Information provided:
########################################
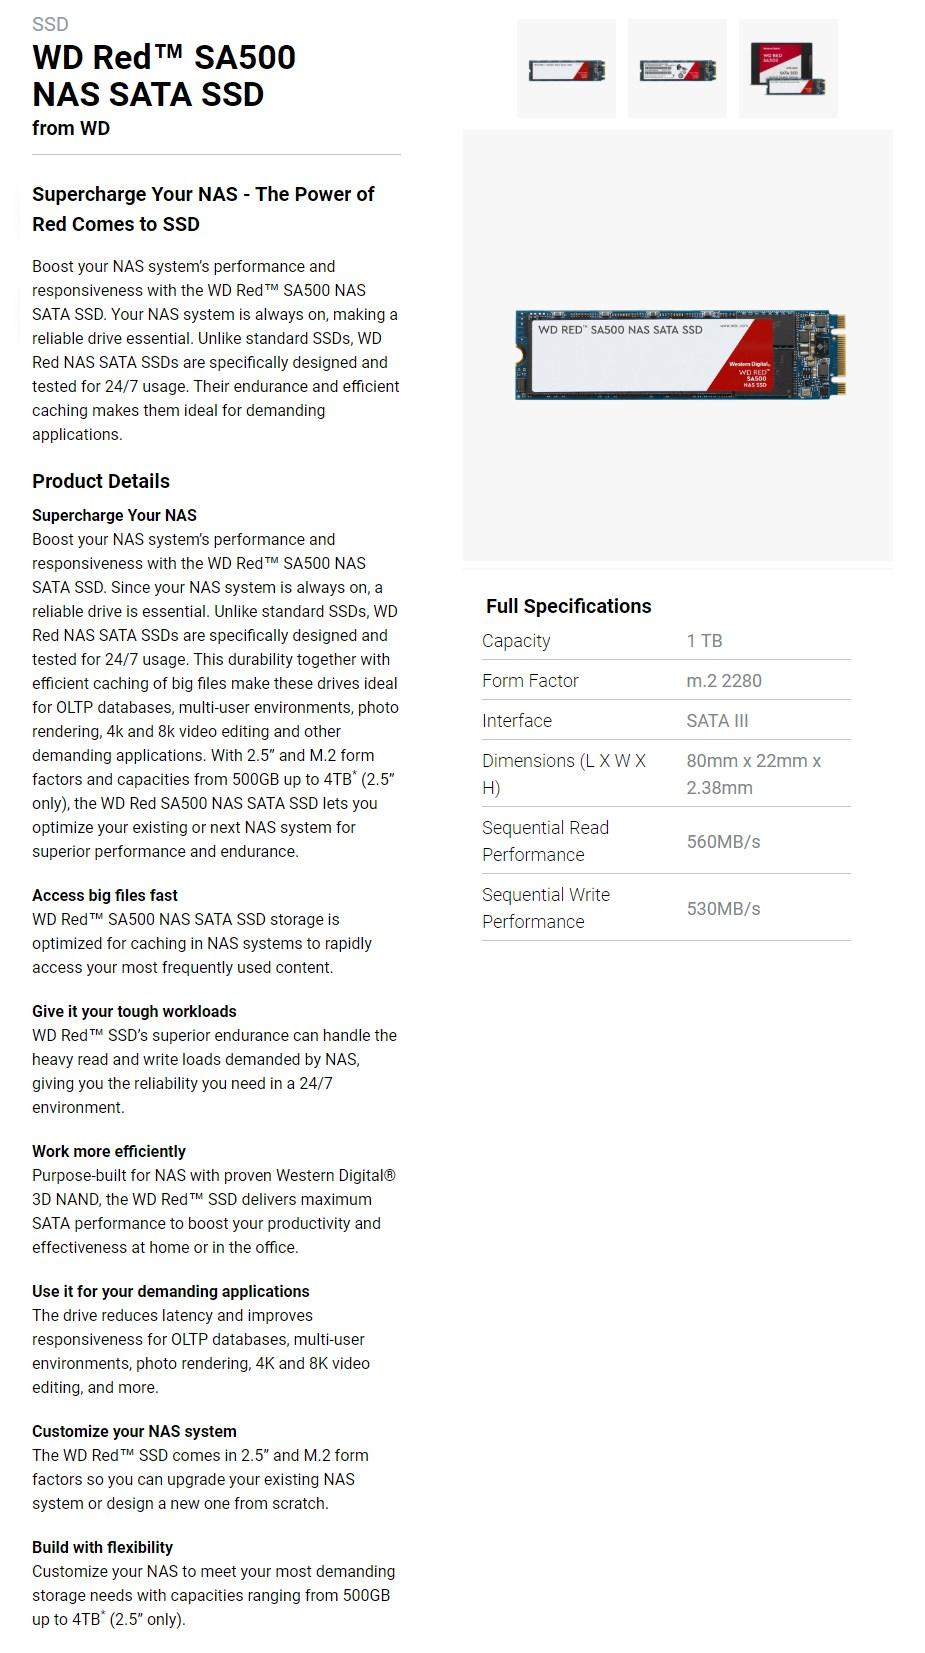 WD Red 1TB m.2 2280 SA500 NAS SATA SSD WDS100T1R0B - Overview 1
########################################
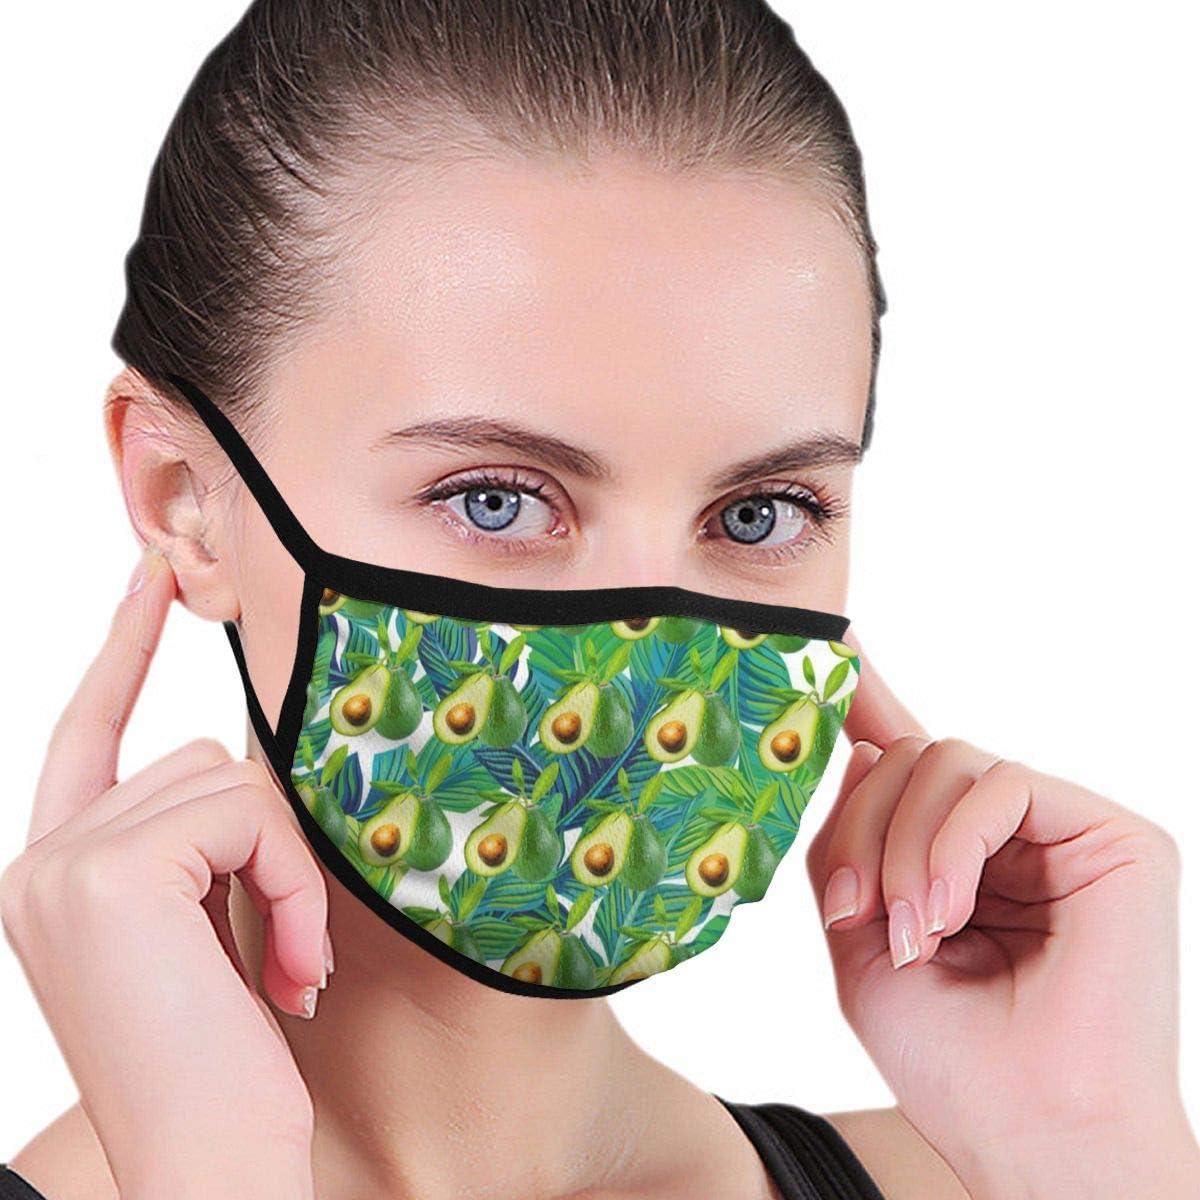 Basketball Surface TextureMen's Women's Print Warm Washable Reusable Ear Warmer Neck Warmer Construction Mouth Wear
########################################
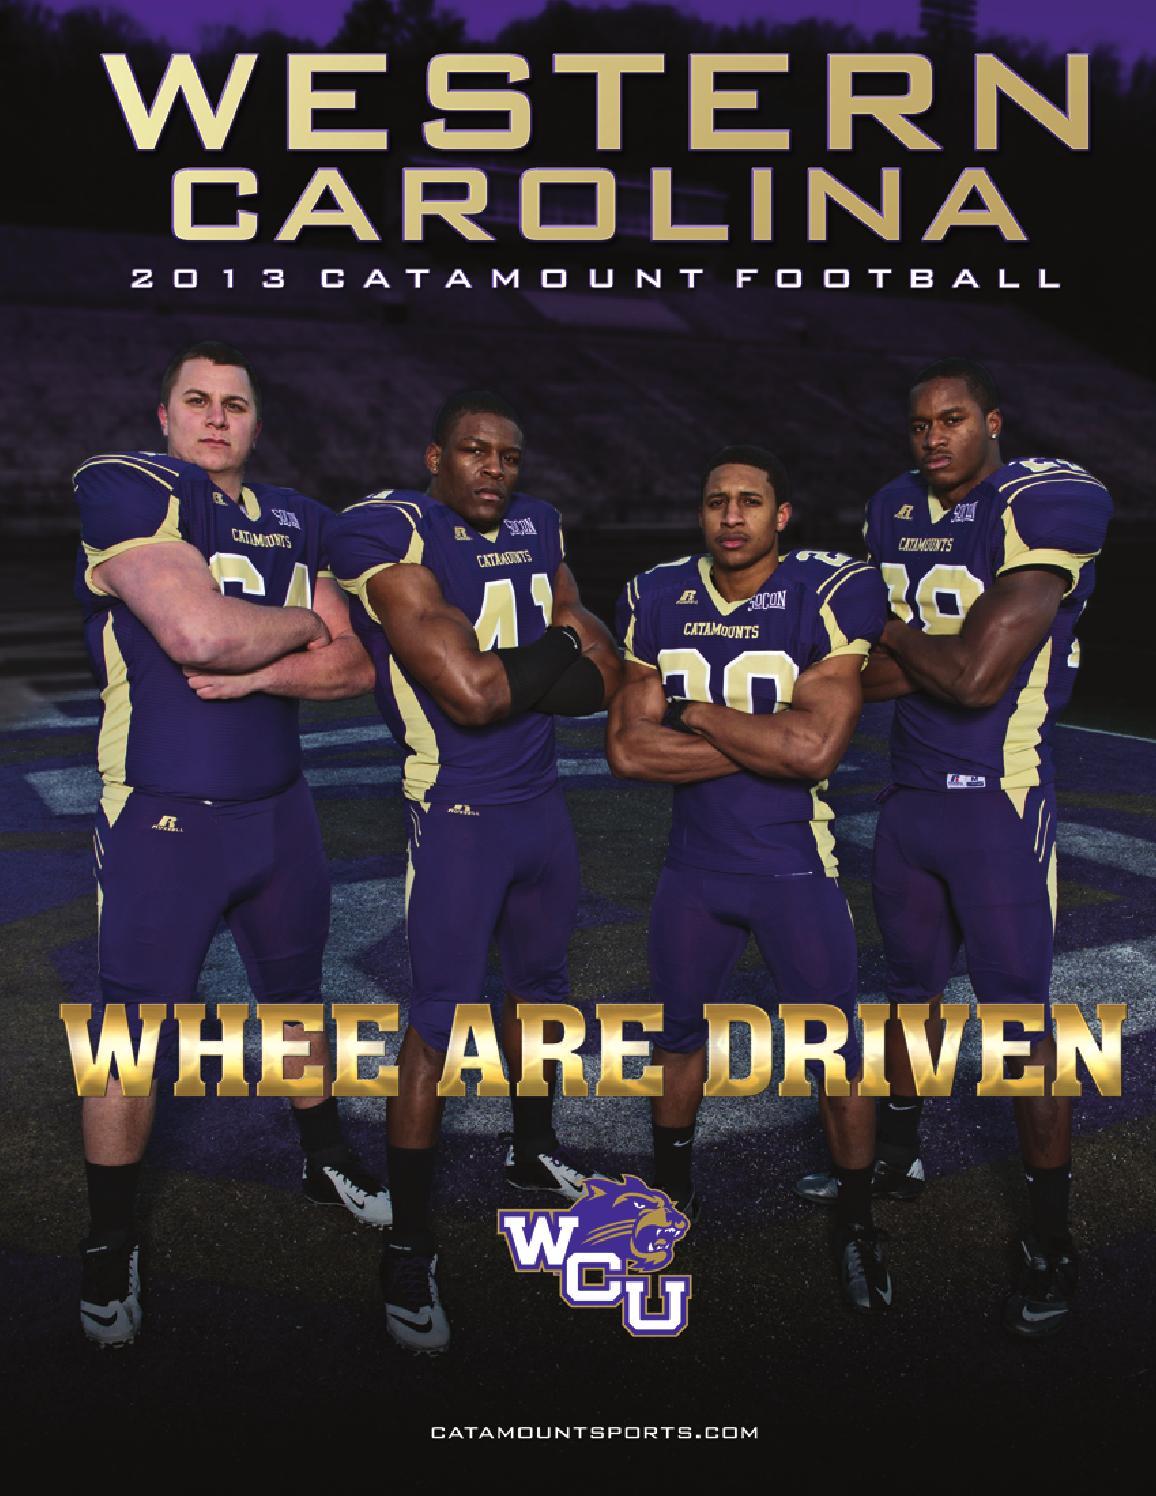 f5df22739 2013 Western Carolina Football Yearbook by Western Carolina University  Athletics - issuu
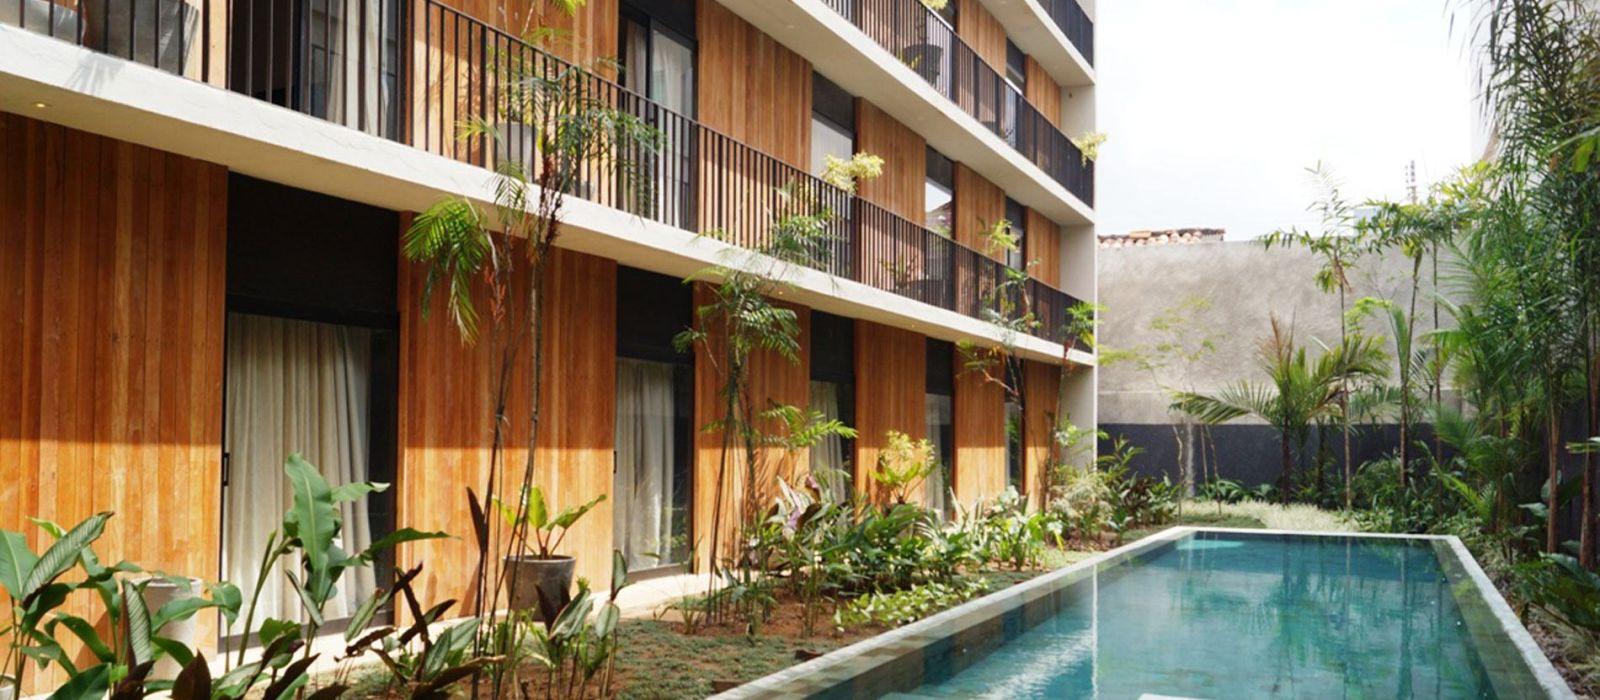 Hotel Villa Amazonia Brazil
########################################
Prompt:
From the listing above, restate verbatim the lines running from the one with "f5df22739 2013 Western" through the one with "Hotel Villa Amazonia Brazil", inclusive, but not the pictures.

Answer:
 f5df22739 2013 Western Carolina Football Yearbook by Western Carolina University  Athletics - issuu
 Hotel Villa Amazonia Brazil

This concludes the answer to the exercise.